:: AIM OF THE EXERCISE ::
Please retype the listing below word for word and exclude its images.
*** DATA
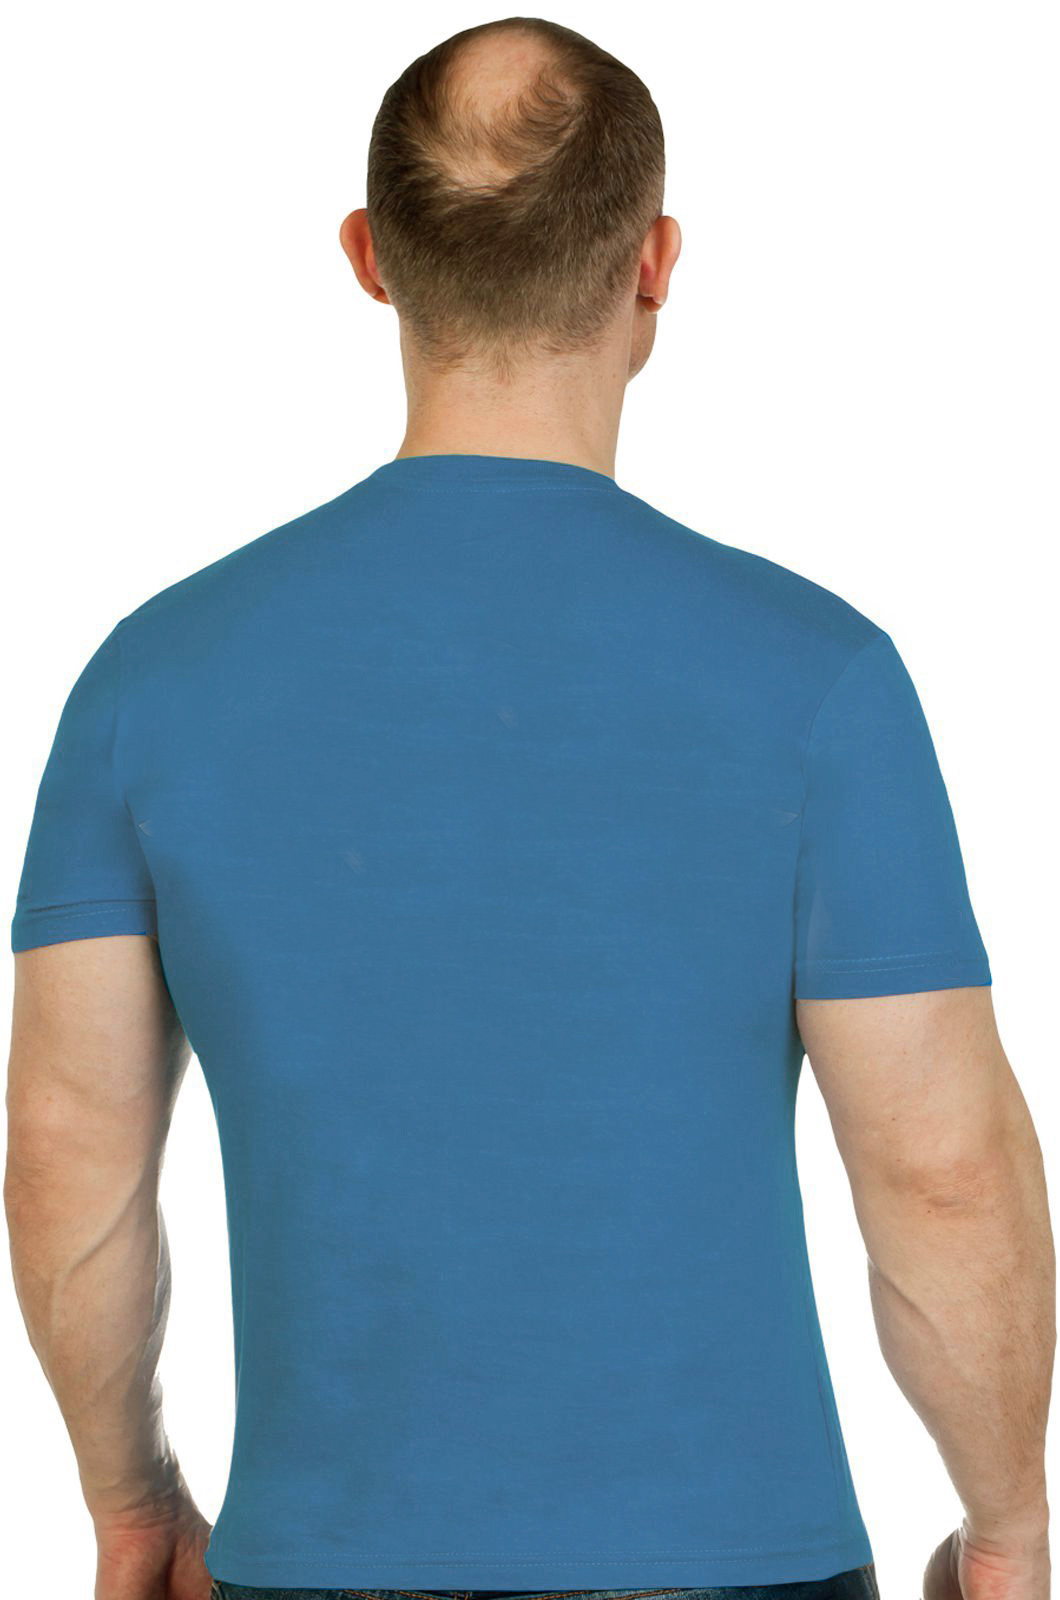 Синяя футболка "Военная разведка" 
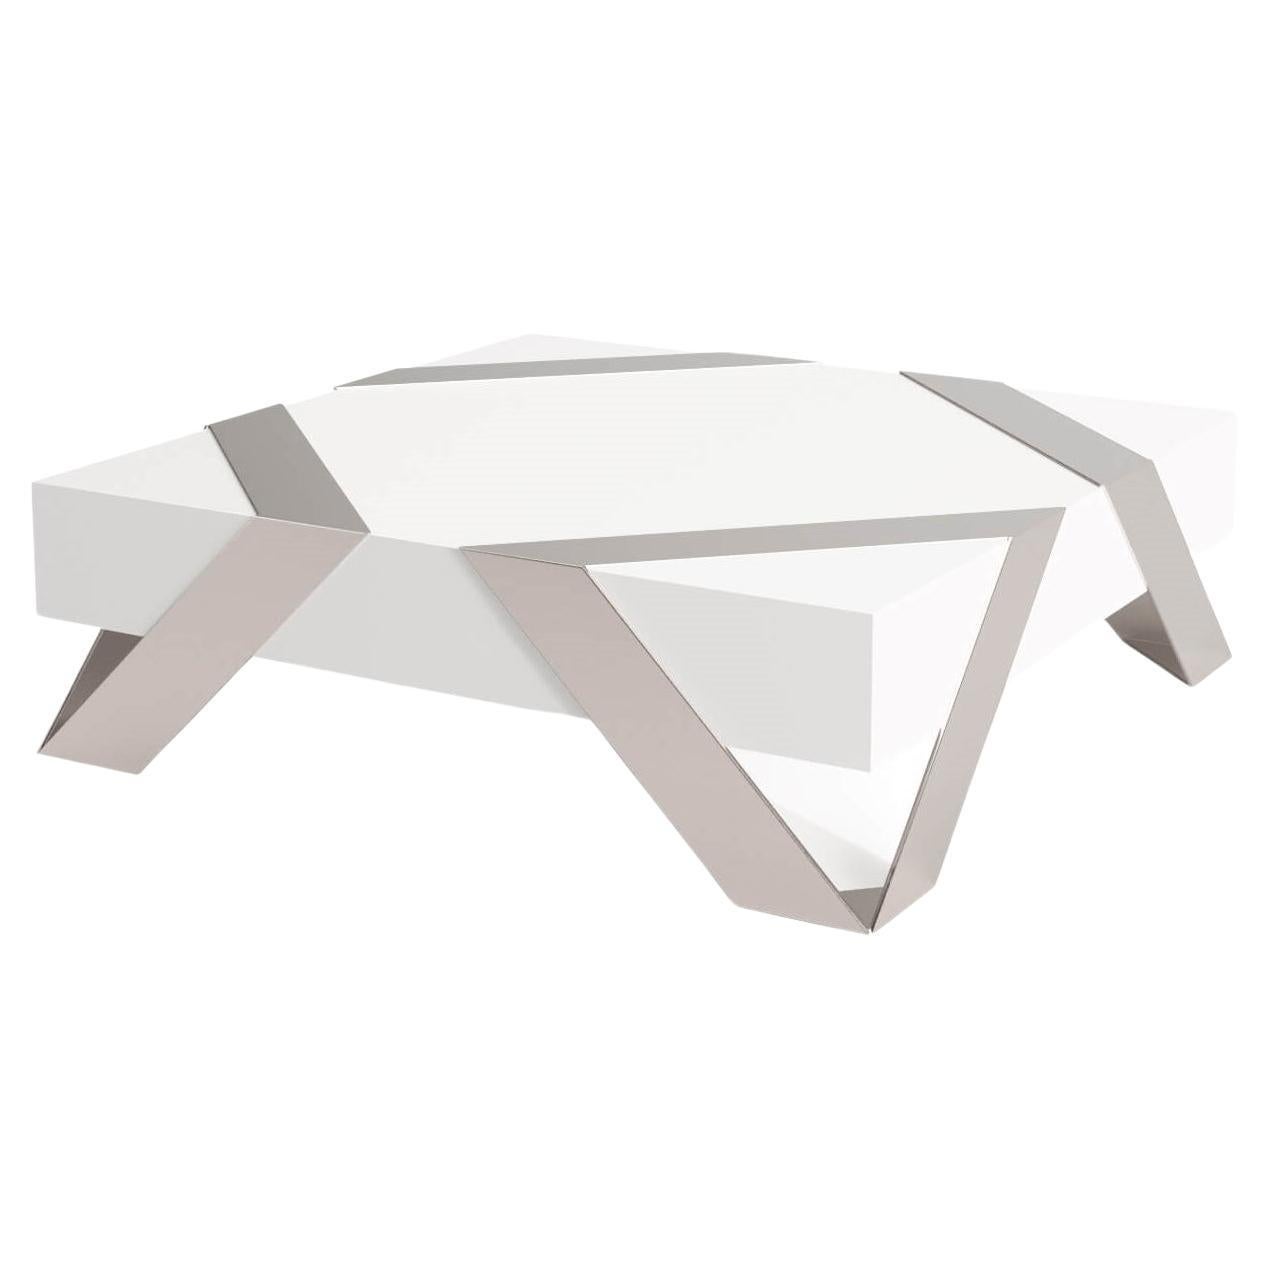 Table basse carrée moderne et minimaliste en acier inoxydable brossé blanc
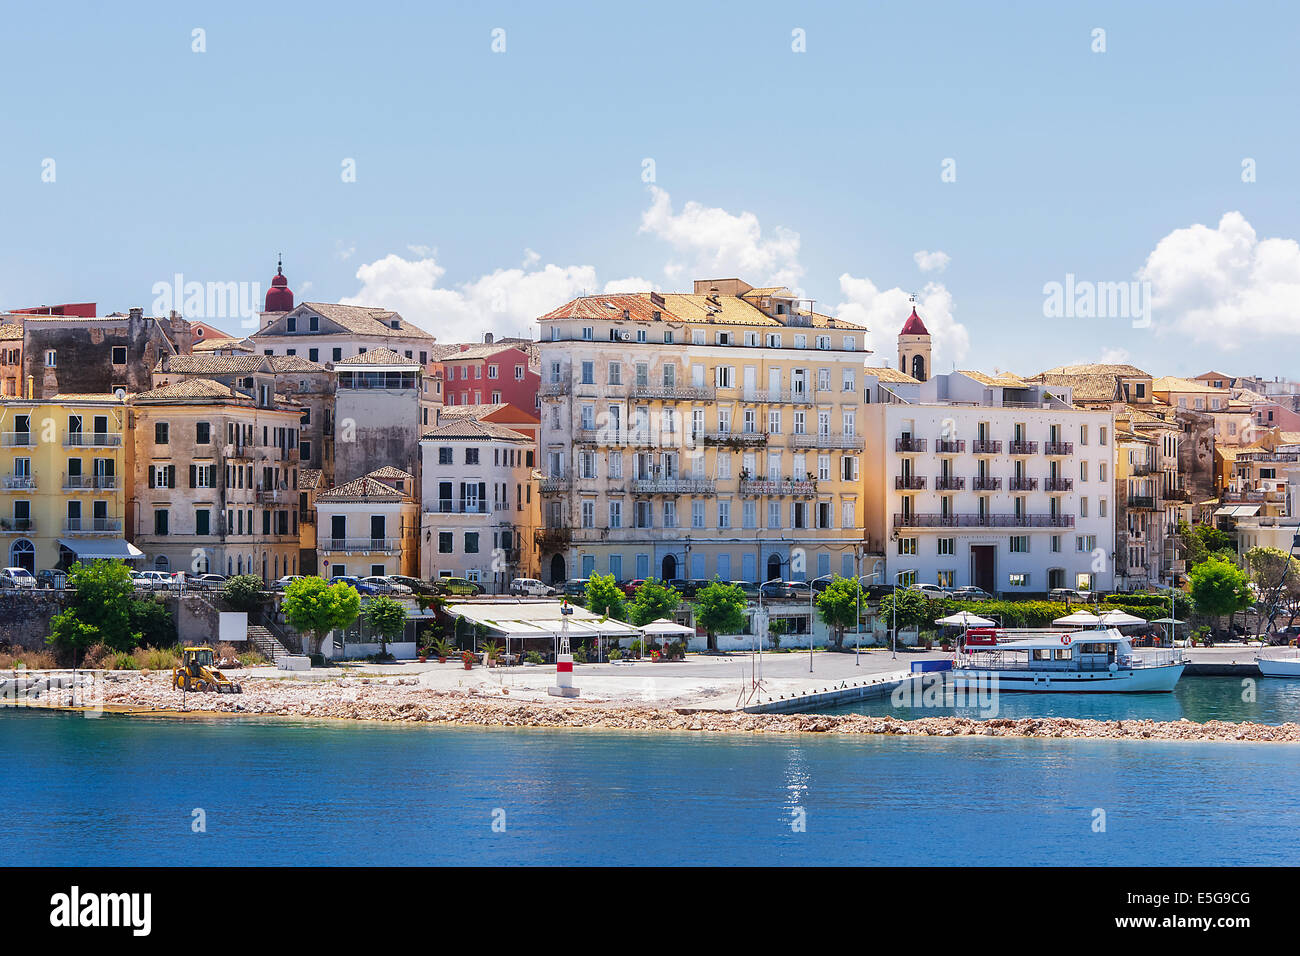 Korfu, Hauptstadt von Korfu Insel. Blick auf Korfu-Stadt, die Hauptstadt der Insel Kerkyra oder Korfu, aus dem Meer gesehen Stockfoto
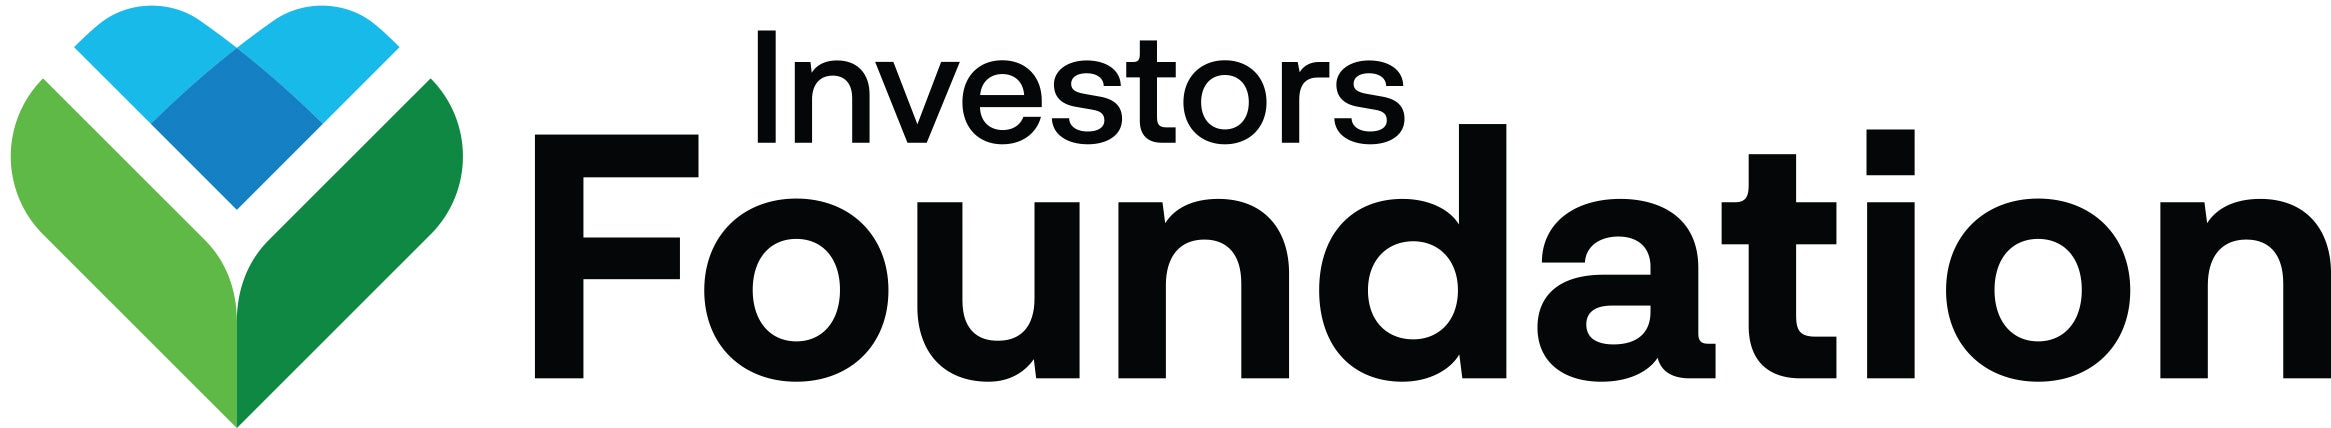 Investors_Foundation_Logo_Standard.jpg
******
:: TASK RESULT ::
 Синяя футболка "Военная разведка" 
 Table basse carrée moderne et minimaliste en acier inoxydable brossé blanc
 Korfu, Hauptstadt von Korfu Insel. Blick auf Korfu-Stadt, die Hauptstadt der Insel Kerkyra oder Korfu, aus dem Meer gesehen Stockfoto
 Investors_Foundation_Logo_Standard.jpg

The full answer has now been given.